You're given a binary tree with costs on edges, and you need to make all root-to-leaf paths have equal cost by modifying node values. DE Shaw and TikTok ask this one. It's a medium-difficulty problem that sits at the intersection of tree traversal and dynamic programming, and it's exactly the kind of problem where the obvious greedy approach fails. You'll either see the pattern or you won't, and if you blank during the OA, StealthCoder solves it invisibly in seconds while you're screen-sharing.
Companies that ask "Make Costs of Paths Equal in a Binary Tree"
Make Costs of Paths Equal in a Binary Tree is the kind of problem that decides whether you pass. StealthCoder reads the problem on screen and surfaces a working solution in under 2 seconds. Invisible to screen share. The proctor sees nothing. Built by an engineer who got tired of watching his cohort grind for six months and still get filtered at the OA stage.
Get StealthCoderThe trick is working backwards from leaves to root using post-order traversal, calculating what each node must become to balance its subtree, then checking if the modifications are valid. Most candidates try top-down greedy or attempt to compute path costs first, both wrong. The real insight: if all root-to-leaf paths must equal some target cost, you can derive that target from the structure itself, then propagate requirements upward. You'll manipulate node values, not edges. Common pitfall: trying to use a fixed target cost before you've explored the tree. Another: forgetting that a node can have children in only one subtree, which changes the math. When you hit this in the live assessment and the greedy attempt breaks, StealthCoder is your hedge.
Pattern tags
You know the problem.
Make sure you actually pass it.
Make Costs of Paths Equal in a Binary Tree recycles across companies for a reason. It's medium-tier, and most candidates blank under the timer. StealthCoder is the hedge: an AI overlay invisible during screen share. It reads the problem and surfaces a working solution in under 2 seconds. Built by an engineer who got tired of watching his cohort grind for six months and still get filtered at the OA stage. Works on HackerRank, CodeSignal, CoderPad, and Karat.

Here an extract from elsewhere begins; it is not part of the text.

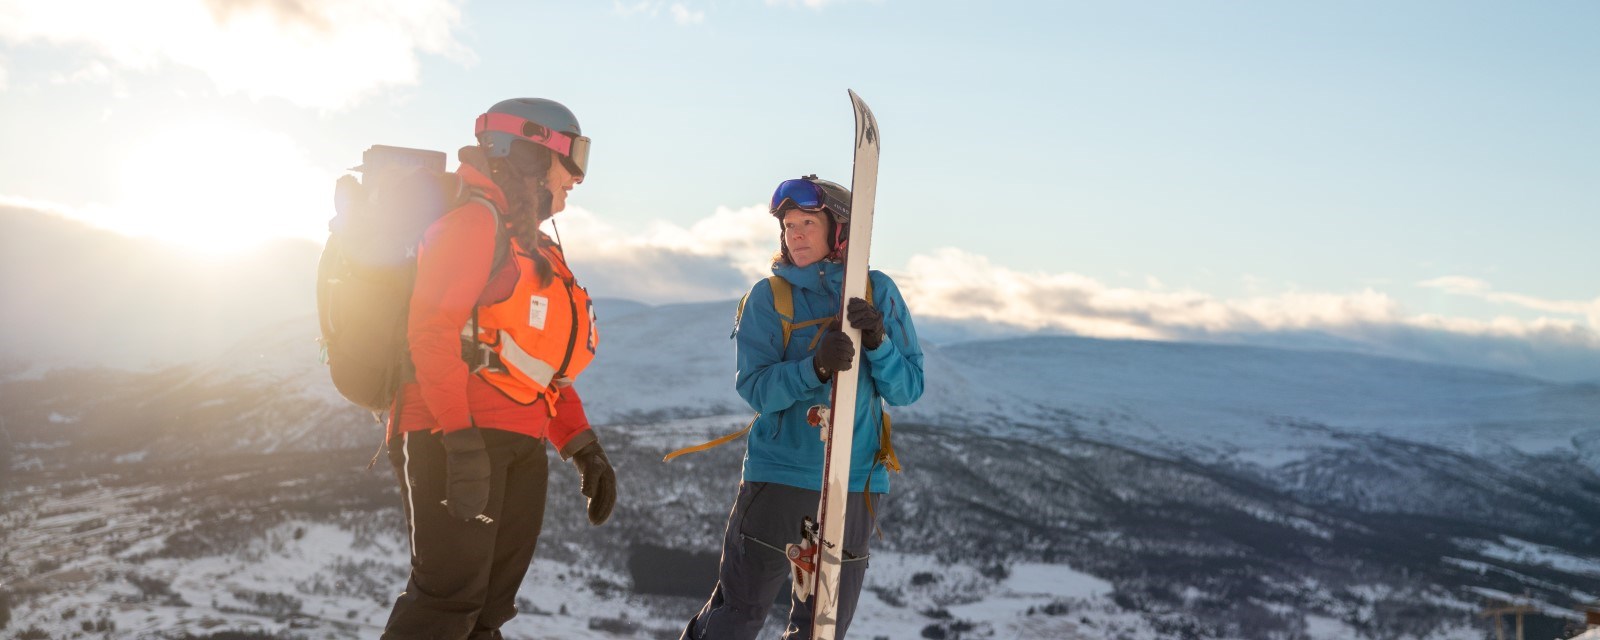 En kvinne fra hjelpekorpset i samtale med kvinnelig turgåer som holder et par fjellski. Snødekt fjell, opphold

Make Costs of Paths Equal in a Binary Tree interview FAQ
Is this still being asked at major companies?+
Yes. Both DE Shaw and TikTok report this problem. The 56% acceptance rate suggests it's not trivial, but it's not a rare edge case either. If you see it in the OA, you're in the right difficulty band.
What's the core trick?+
Post-order traversal to compute required node values bottom-up. Each node's new value is determined by the target path sum and the cost of reaching it from its children. You derive the target sum from the tree structure itself.
How does this combine tree and DP?+
Tree structure gives you the exploration order (post-order). DP aspect: each node's optimal value depends on decisions already made in its subtrees. You build up from leaves, storing and checking invariants as you go.

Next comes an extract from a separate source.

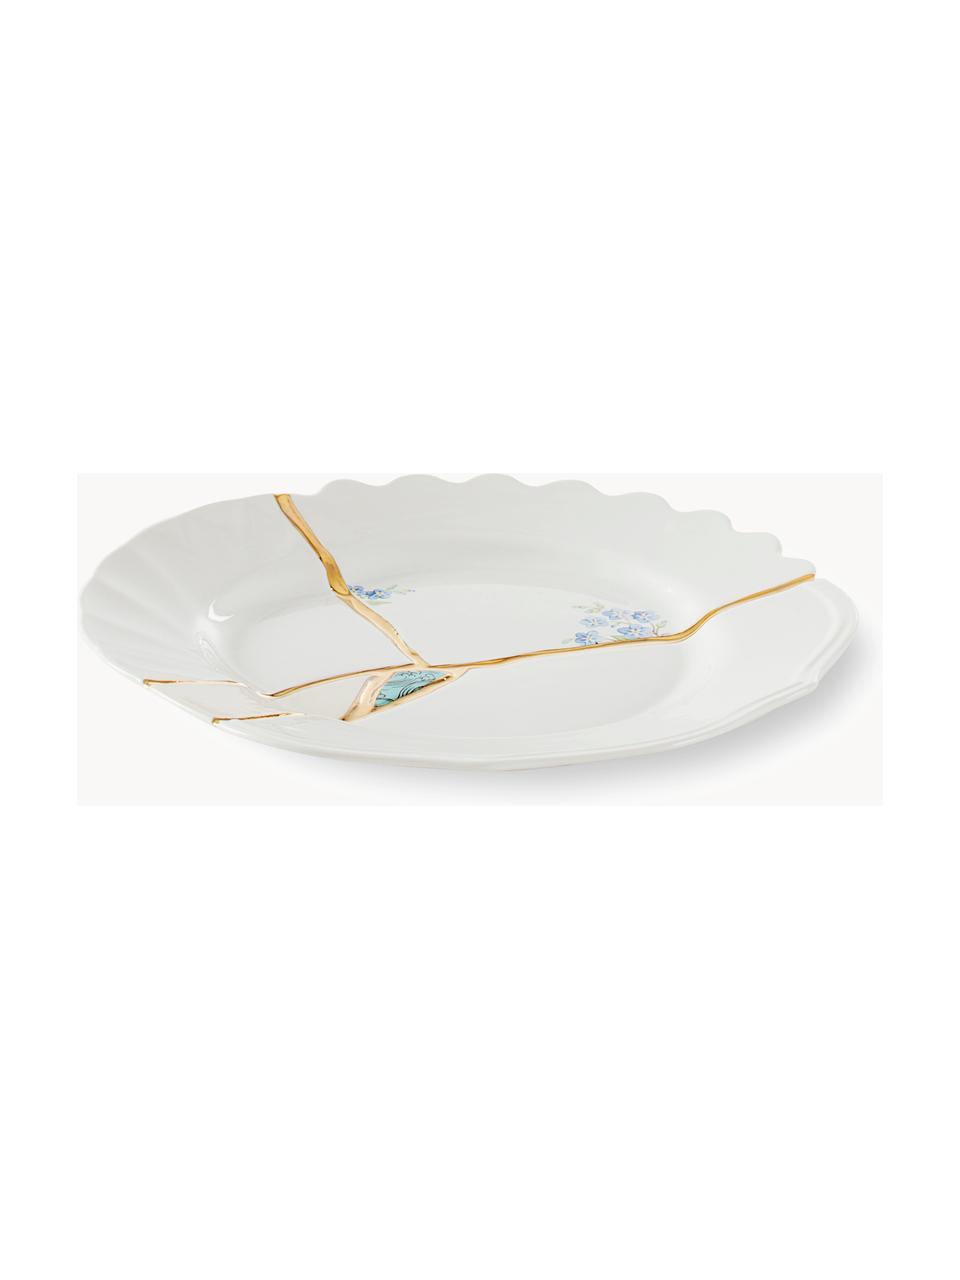 Assiette à dessert en porcelaine design Kintsugi, Blanc, doré, Ø 21 cm

Why does greedy fail here?+
Greedy assumes you can pick node values one at a time from the root down. But the constraint couples all paths together. A choice at the root affects what's possible deep in the tree, so you must compute requirements backwards.
What languages is this asked in?+
Typically Python, Java, or C++. The algorithm translates directly across all three. Focus on correctness and tree traversal clarity rather than language tricks.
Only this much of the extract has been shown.